О том же свидетельствует классическая немецкая ситуация “-преодоления прошлого”: с исчезновением живых свидетелей и участников войны она превратилась в ситуацию “примирения с прошлым”, потому что ныне живущему поколению нужны такая память и такое прошлое, с которым можно жить достойно и спокойно. От лица уходящих носителей живой памяти о фашизме они заговорили об интимной стороне войны, о немецких страданиях и жертвах, примиряясь с прошлым, которого раньше полагалось стесняться, и возвращая память, ранее маргинализированную как в общест-венном сознании, так и в профессиональной историографии (см. статью Норберта Фрая в методологической рубрике). Дополнительный импульс этим процессам дало объединение Германии и поиск оснований единства немецкой нации.

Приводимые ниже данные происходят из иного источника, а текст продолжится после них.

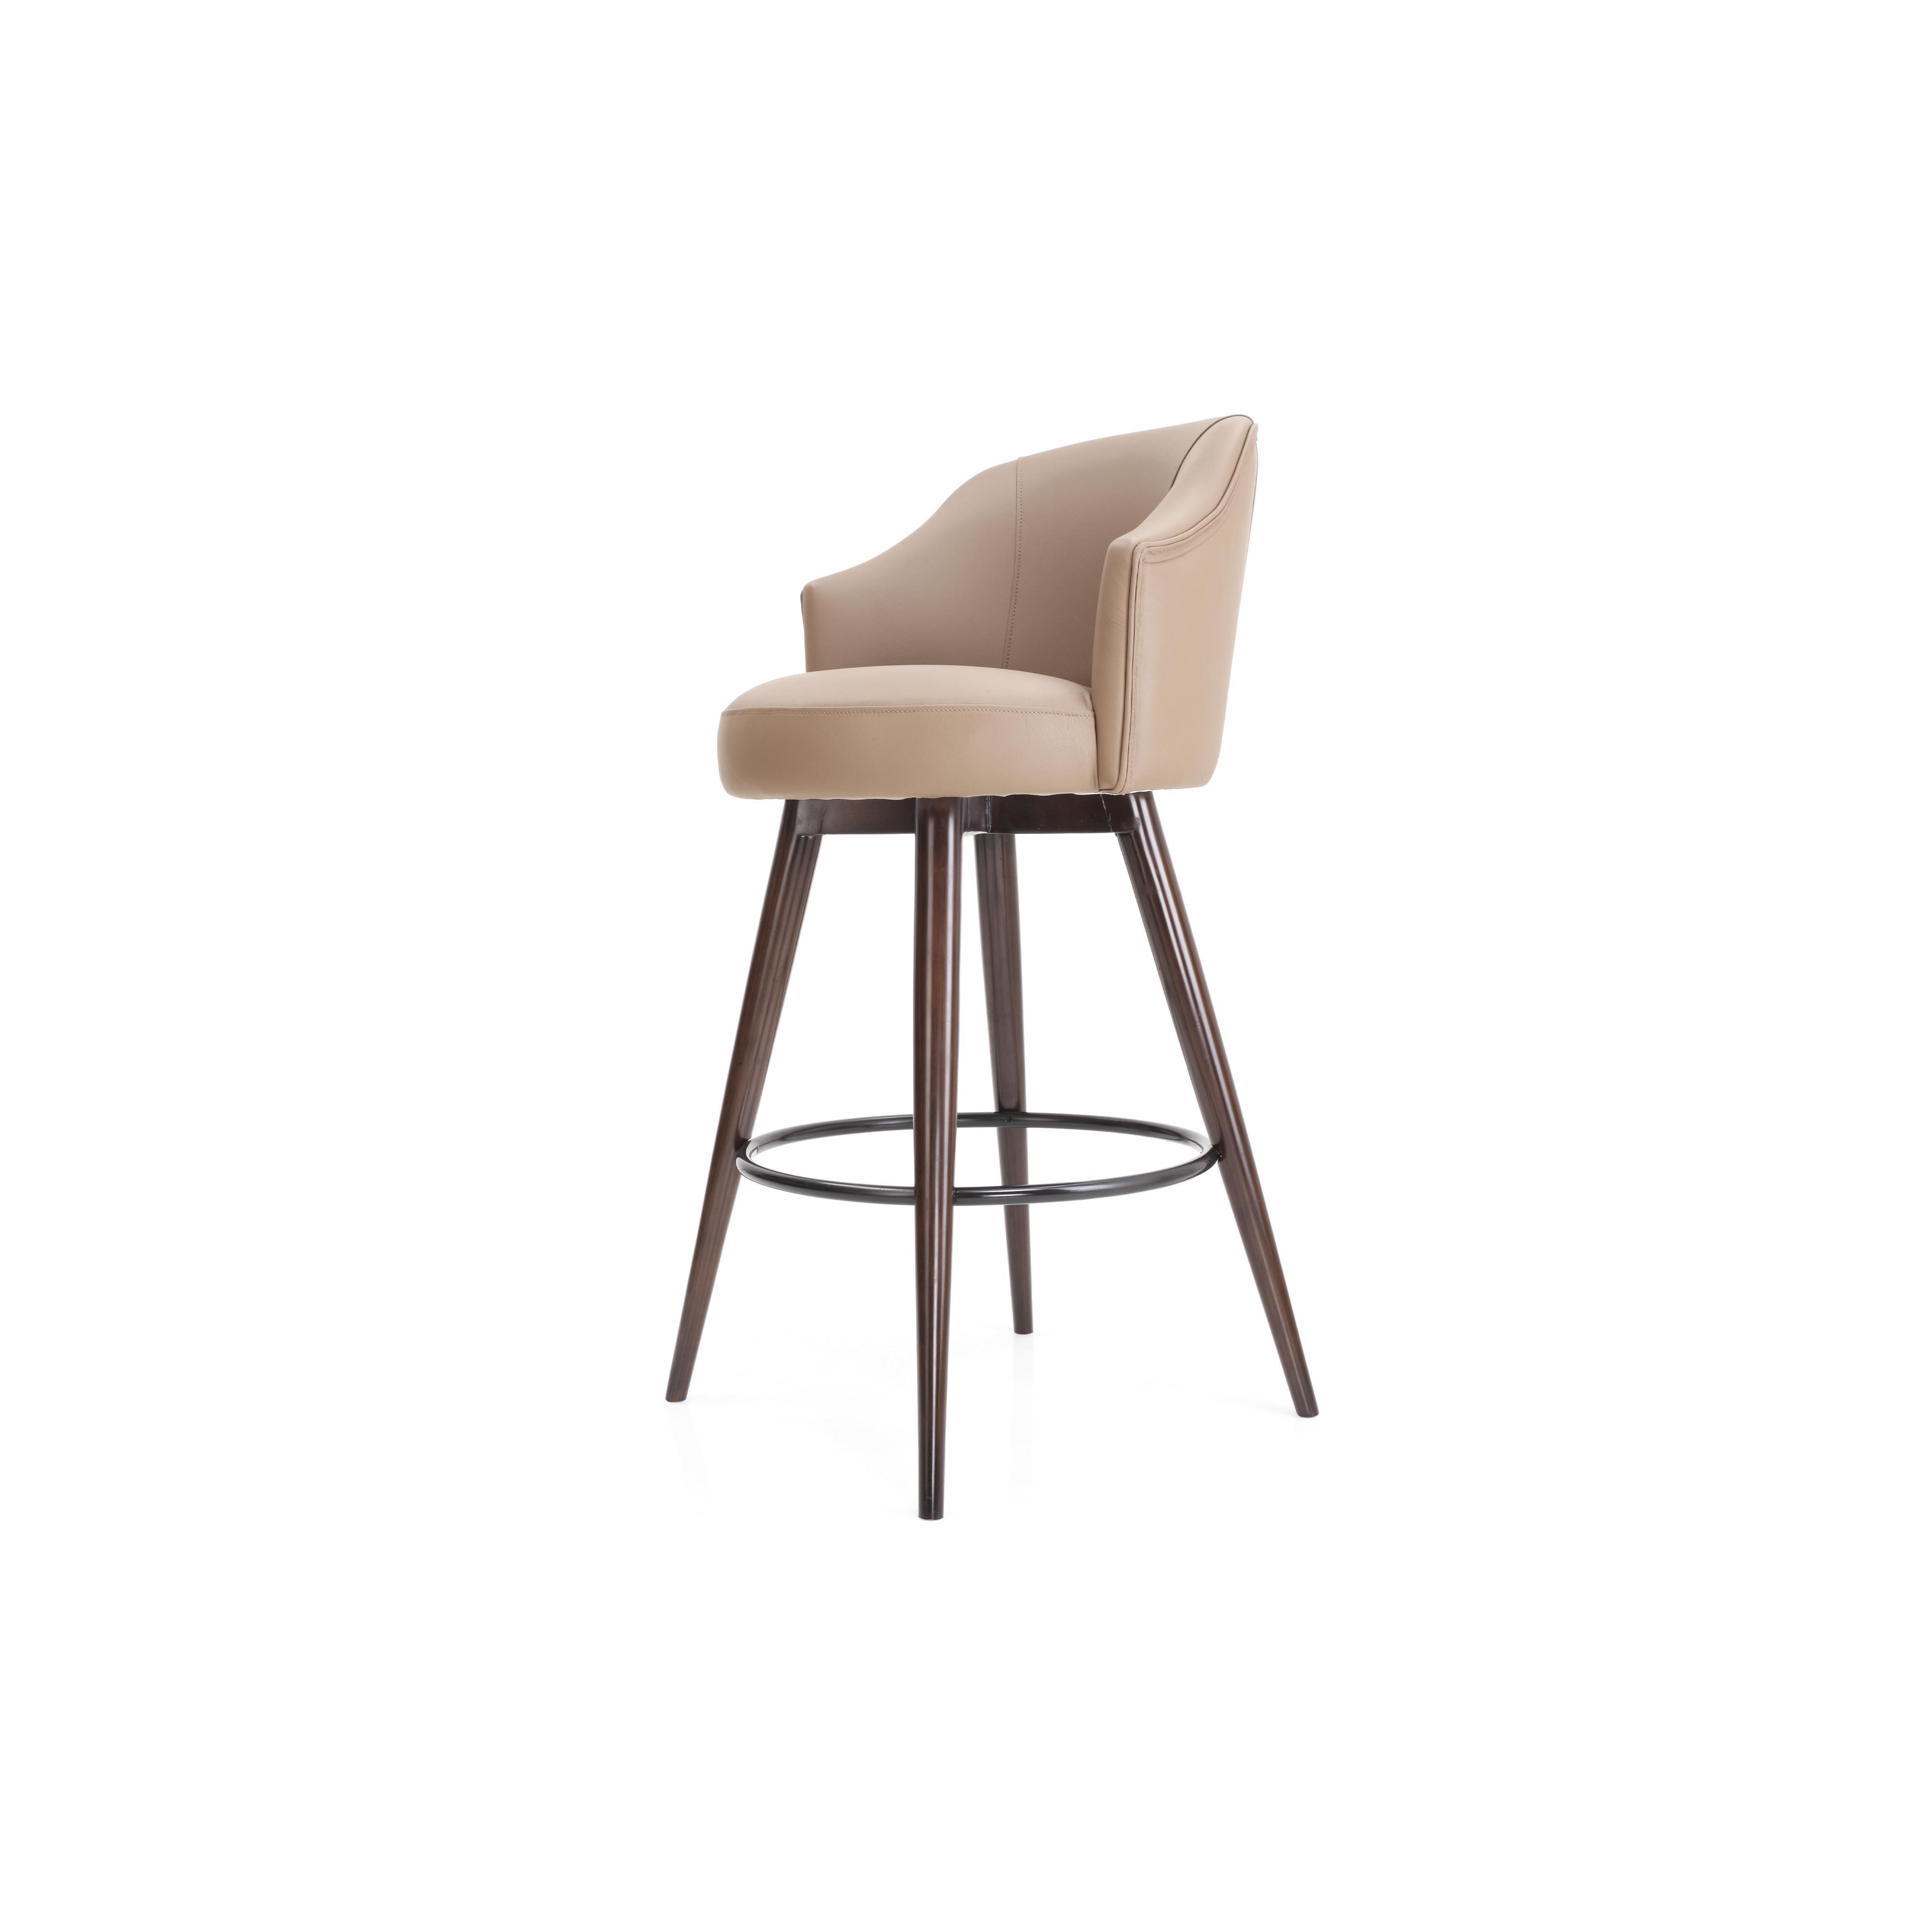 Highbury bar chair
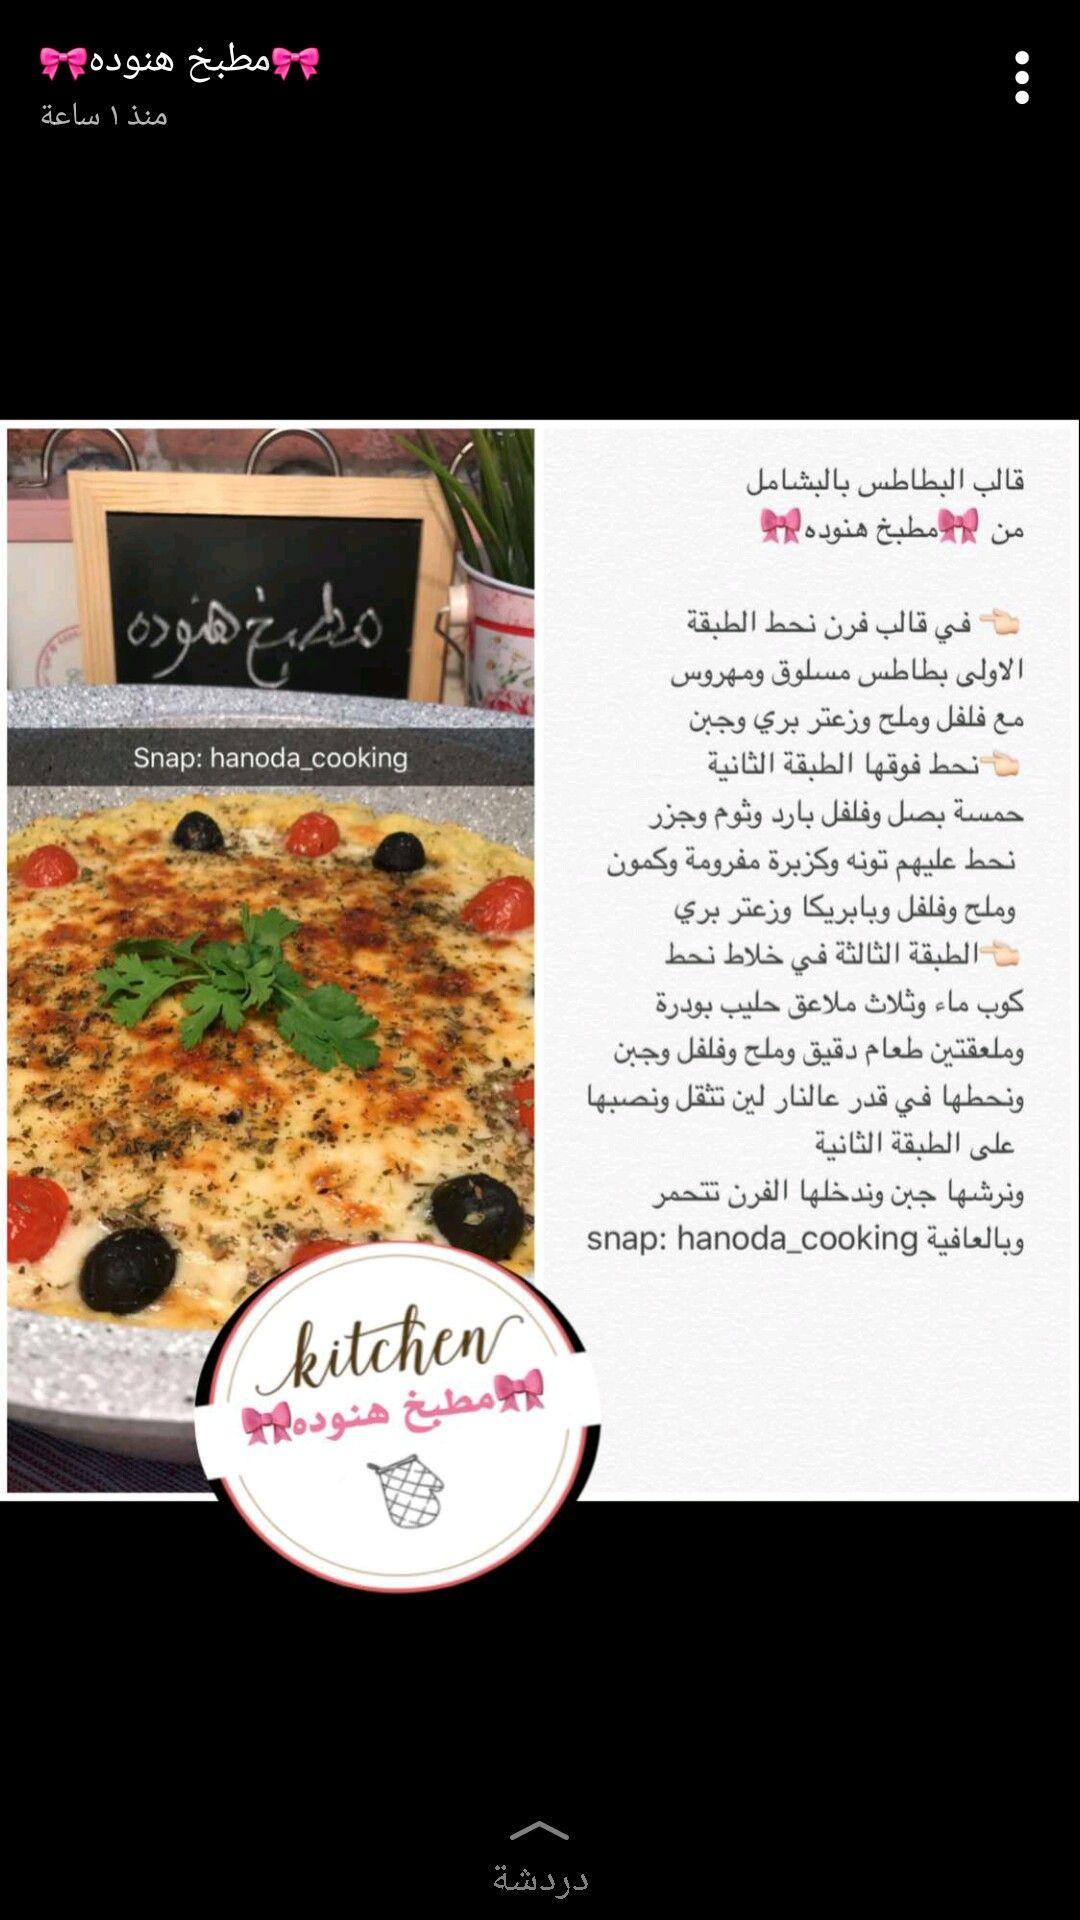 Pin by lamq20 on طبخ Arabic food, Food, Cooking

Примирение с прошлым в позитивном смысле слова означает расширение границ памяти, умножение актуальных субъектов и сюжетов прошлого. Довольно часто это влечет признание своей (личной, групповой, национальной) вины и моральной (а иногда и юридической, и финансовой, как в случае с реституциями) ответственности. Насколько реалистична успешная реализация такого проекта не на уровне профессиональной историографии и официальной политики, но на уровне массового сознания (памяти)? И в какой форме он возможен помимо “империи памяти” – ведь в памяти, как и в историографии, множественные линии воспоминания должны подчиняться некой единой организующей логике нарратива, а не распадаться на отдельные истории о былом. Иначе субъект памяти рассыпается на множество субъектов и теряет способность к коллективному (или индивидуальному осознанному) действию. Эту коллизию особенно интересно иллюстрирует представленный в номере форум о Великом княжестве Литовском как объекте воспоминания: память о Великом княжестве меняет свои исторические очертания и мифологические функции в зависимости от того, в какой парадигме она воспринимается: “имперской” или “национальной”. Причем у последней тоже есть свои вариации, связанные со спецификой литовского, украинского или белорусского национального проектов.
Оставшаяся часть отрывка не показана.